There was nothing earth-shattering about the dispute that brought Booking.com and the U.S. Patent and Trademark Office before the nation’s highest court for oral arguments Monday morning. But how it played out was historic: At long last, the American public could turn on C-SPAN and hear justices question lawyers on both sides as it happened. (Witnesses were even treated to exceedingly rare audio of Clarence Thomas on the bench; the almost-always-silent justice, who wrongly thinks oral arguments add very little to the process, asked a few questions.)

Necessity — arguments happening remotely, over the phone, not at the Supreme Court building, to comply with social distancing restrictions — was the mother of this long-overdue invention. For years, the nine jurists have heard from petitioners and respondents behind closed doors, with only the few privileged enough to camp out in line and snag one of the roughly 400 seats in the gallery able to see what happens as it happens.

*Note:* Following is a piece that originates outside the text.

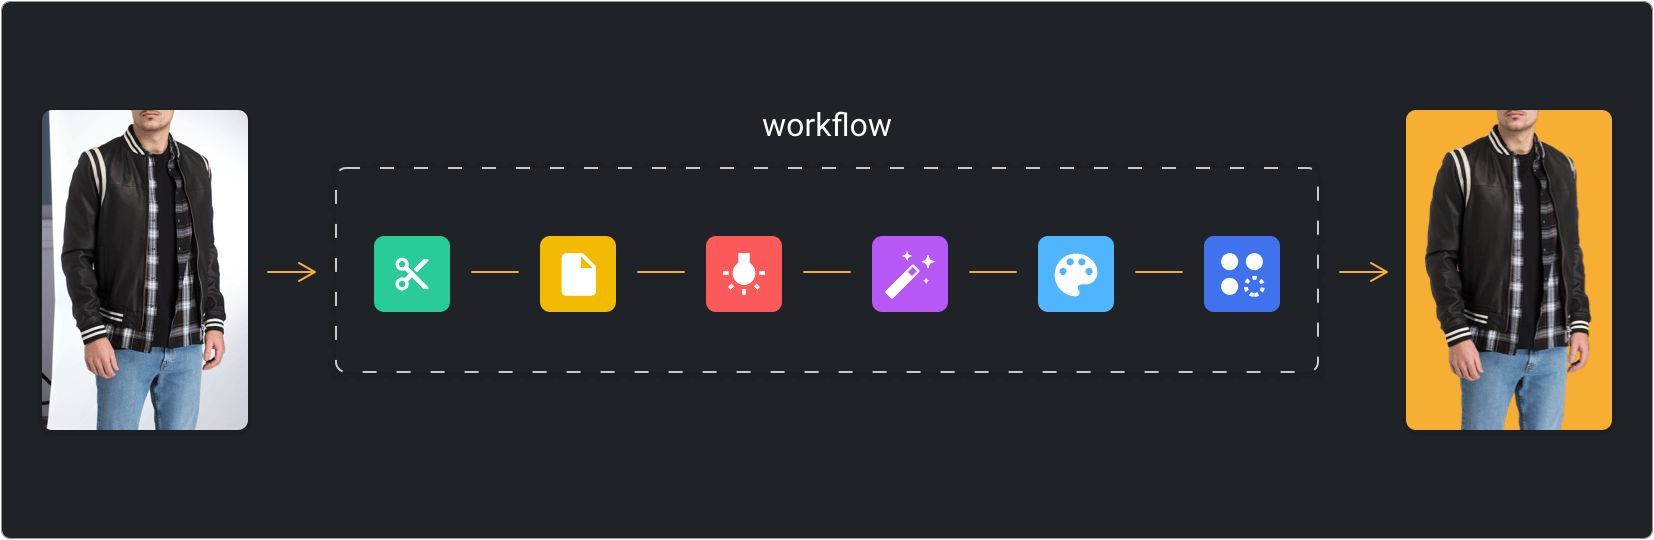 Define Your Workflow

The rest of us schlubs have had to settle for same-day transcripts, or the release of argument audio weeks, days or in very rare cases hours later.

This page and others have demanded the Supremes open up, as other top judicial panels across the world have done. While listening to the high court can test one’s tolerance for judicial jargon, it’s an invaluable civics lesson.

It finally happened. Now, justices who pulled back the curtain in the midst of a public health crisis dare not close them again when it ends. Or will they?